*Activity*: Restate word for word the opening line of the data below and every line after it until the line with "Le secrétaire d'État", that line too, but not the pictures.

*Data provided*:
........

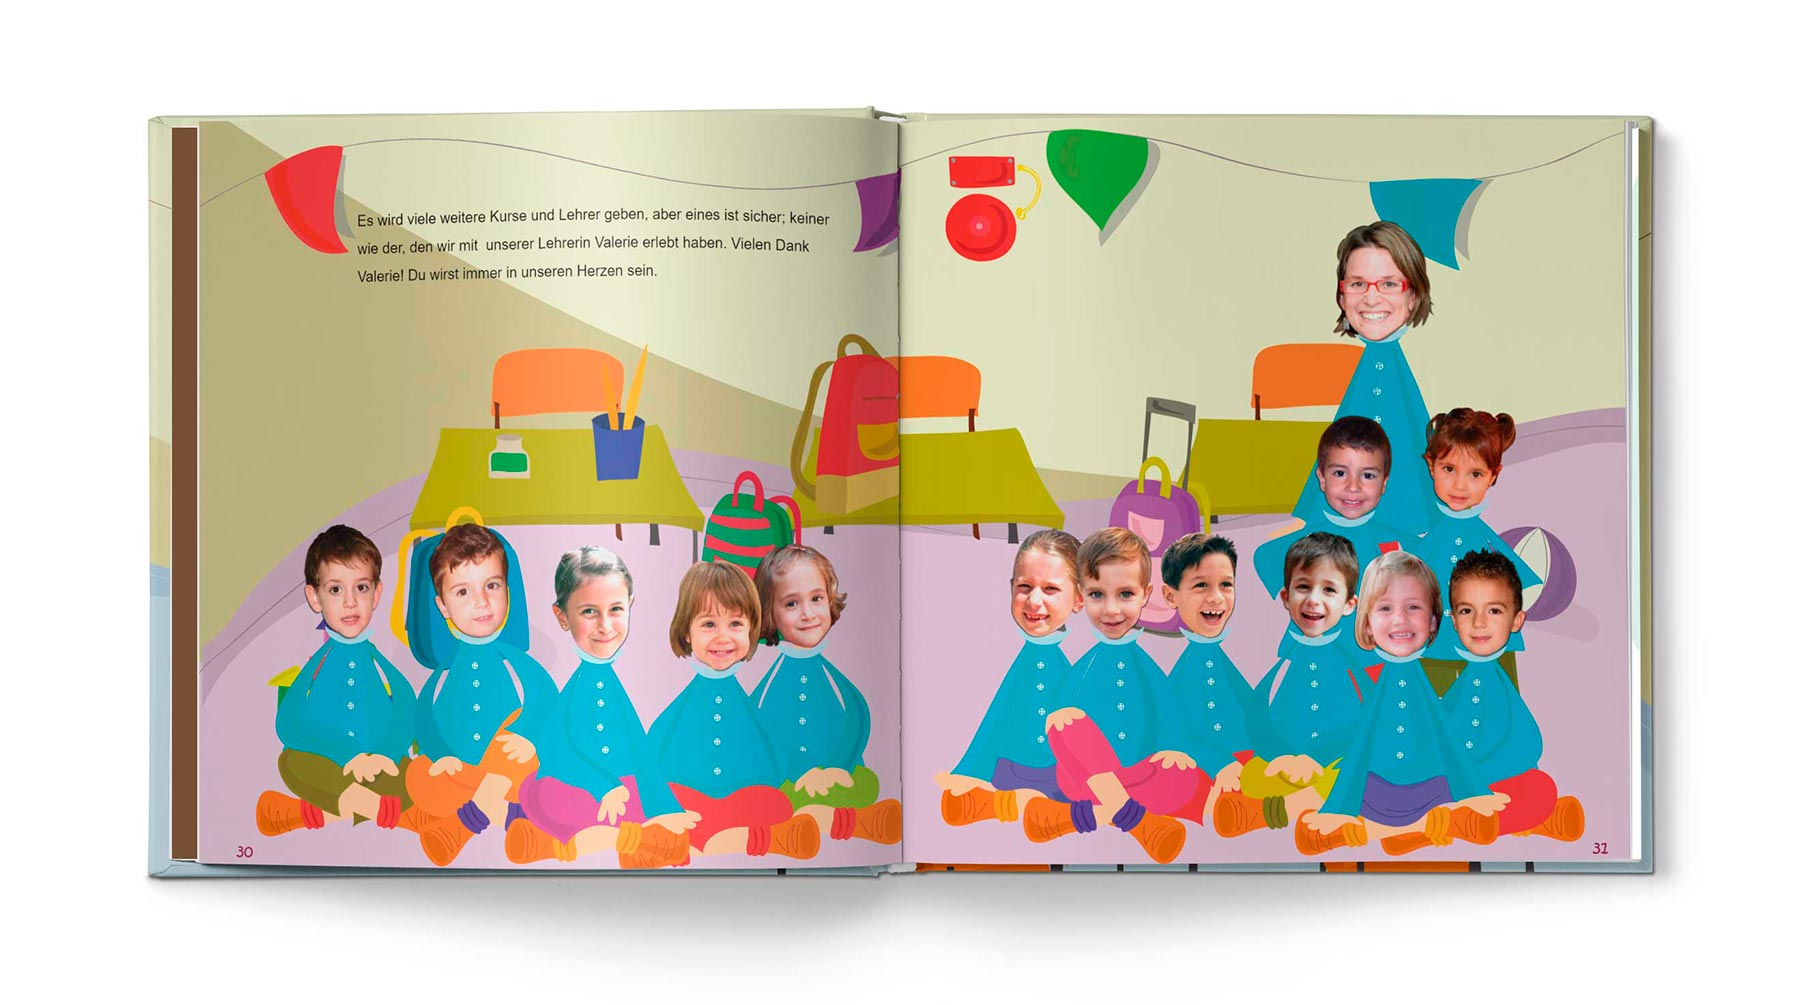 Geschichte Das Schulbuch - Bild 15
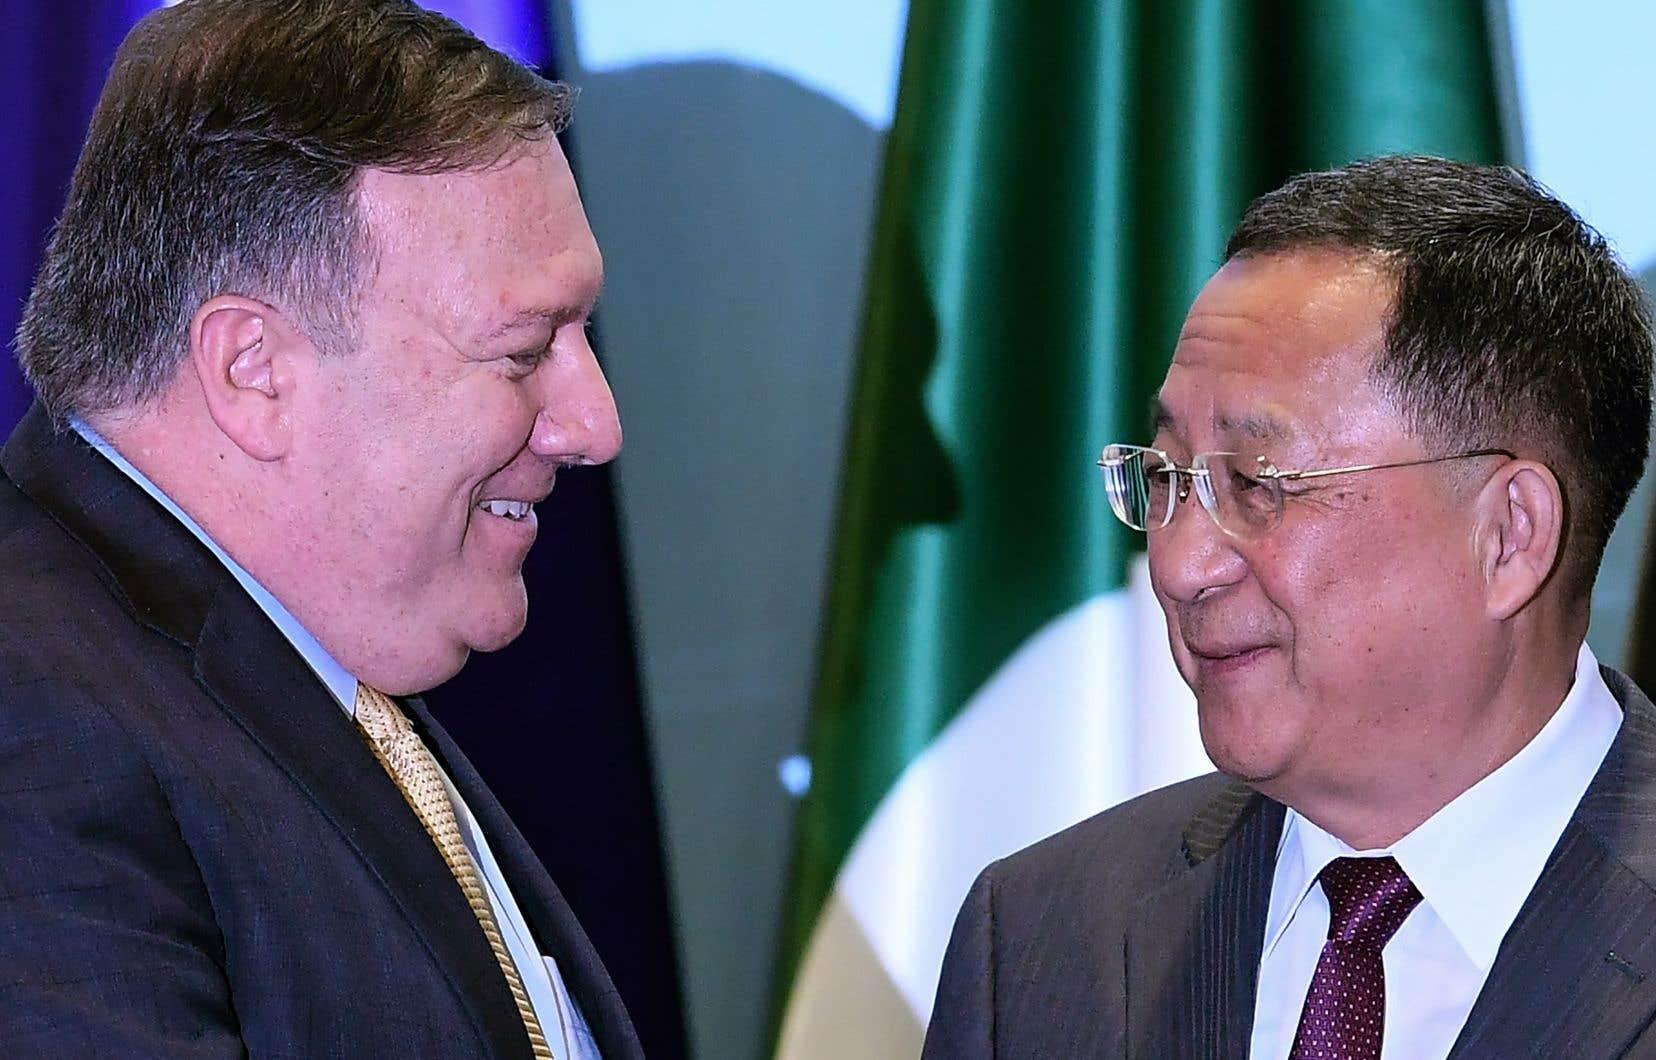 Le secrétaire d'État américain, Mike Pompeo, s'entretient avec le ministre des Affaires étrangères nord-coréen, Ri Yong Ho, à l'occasion de la retraite du Forum régional de l'ASEAN à Singapour le 4 août 2018.
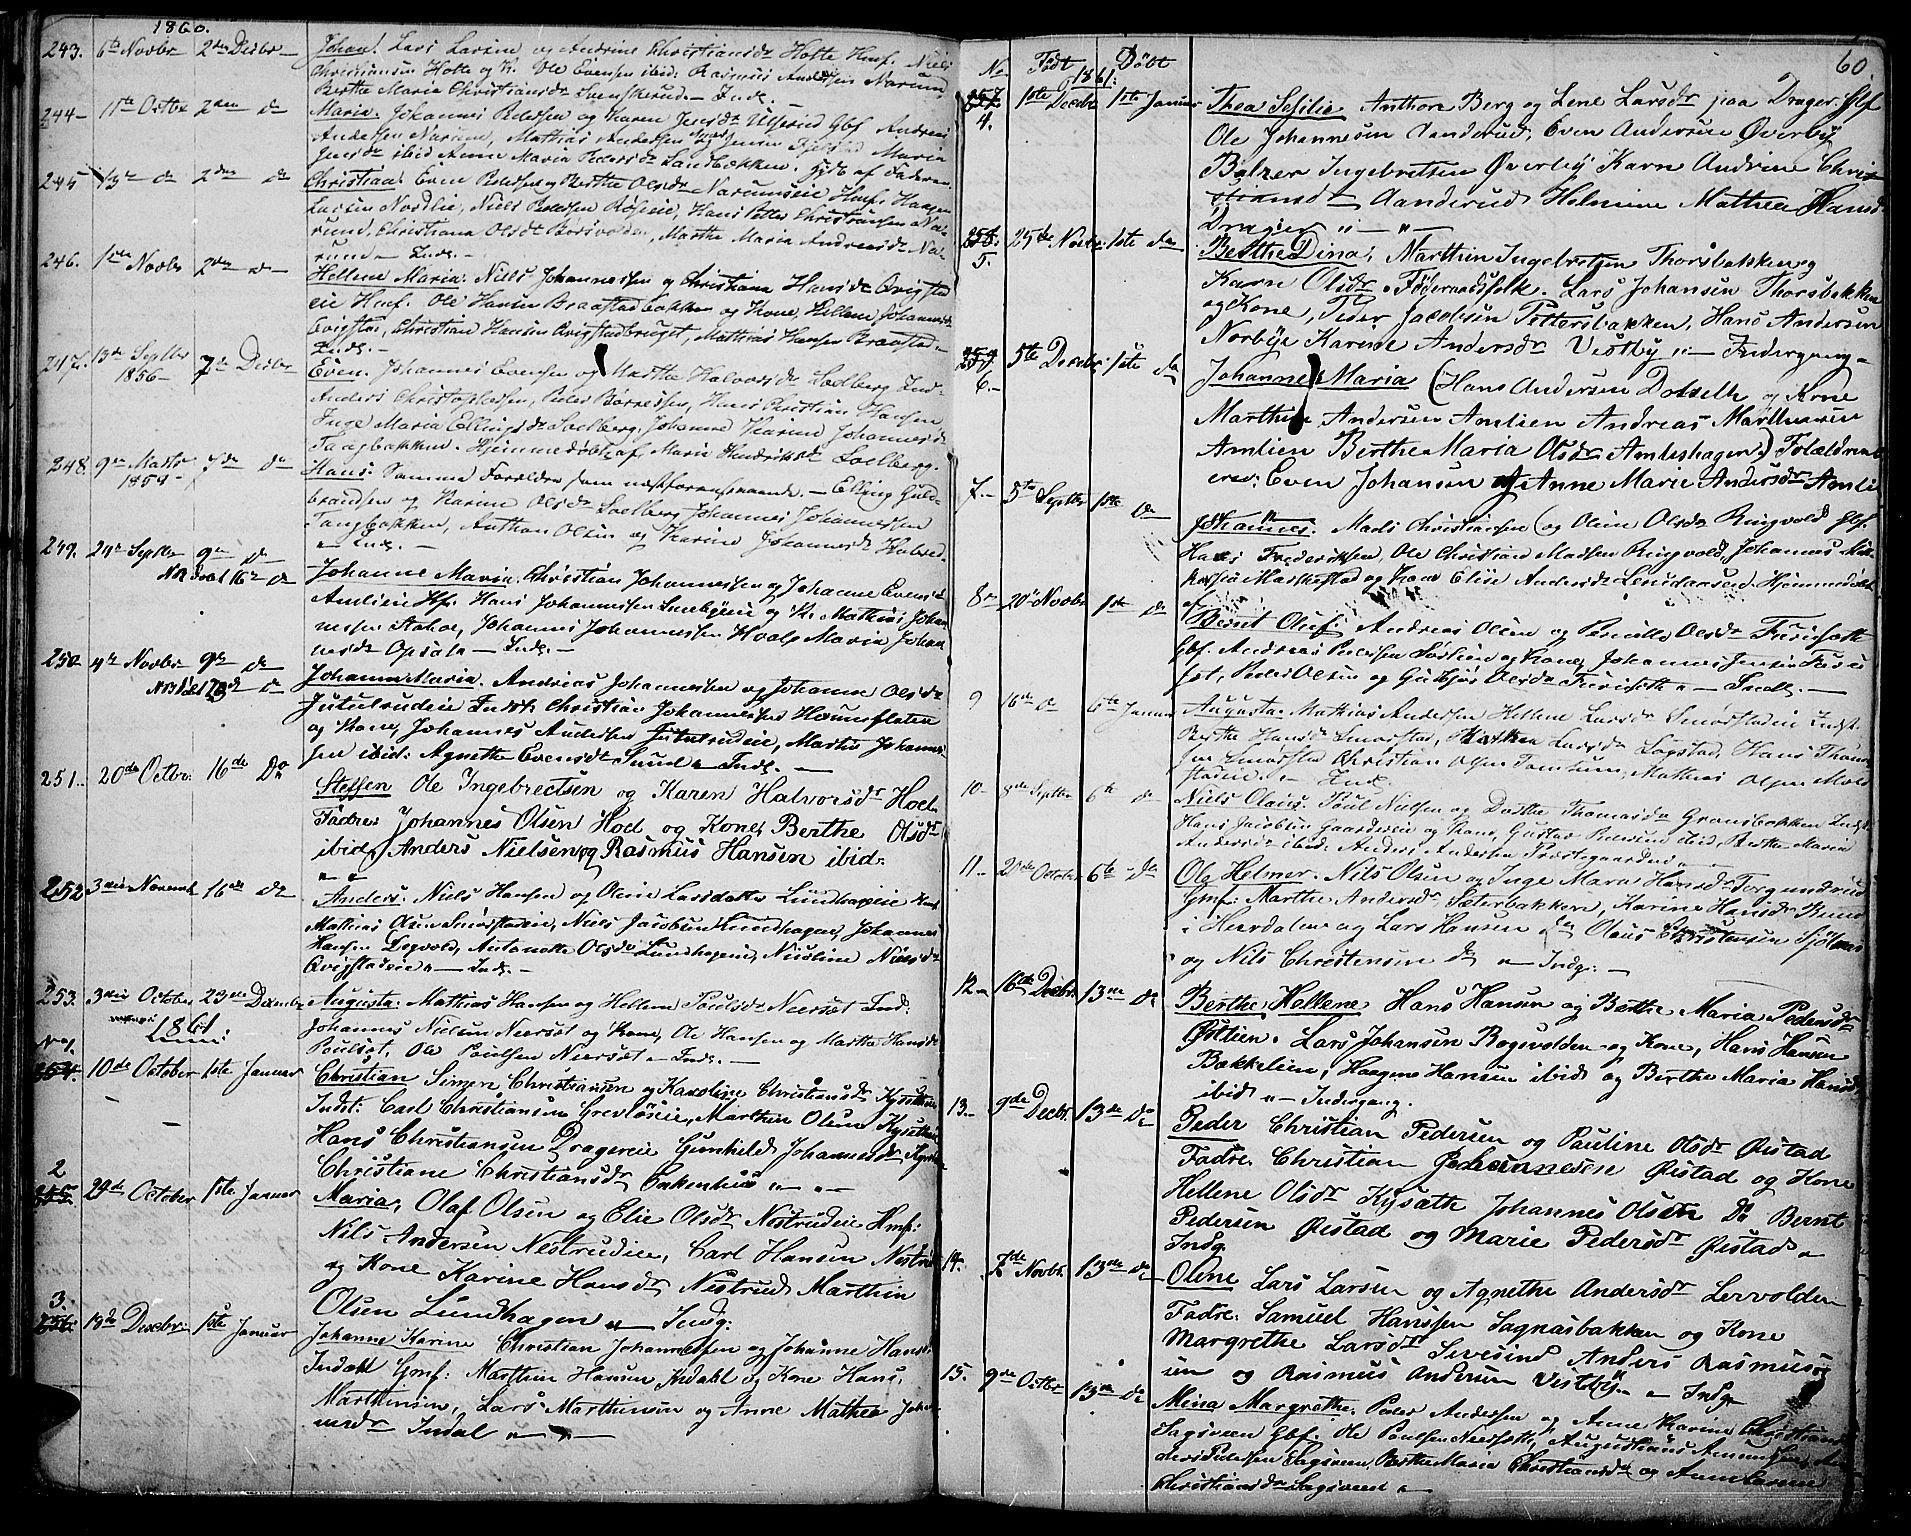 SAH, Vestre Toten prestekontor, Klokkerbok nr. 5, 1854-1870, s. 60

........

*Output*:
 Geschichte Das Schulbuch - Bild 15
 Le secrétaire d'État américain, Mike Pompeo, s'entretient avec le ministre des Affaires étrangères nord-coréen, Ri Yong Ho, à l'occasion de la retraite du Forum régional de l'ASEAN à Singapour le 4 août 2018.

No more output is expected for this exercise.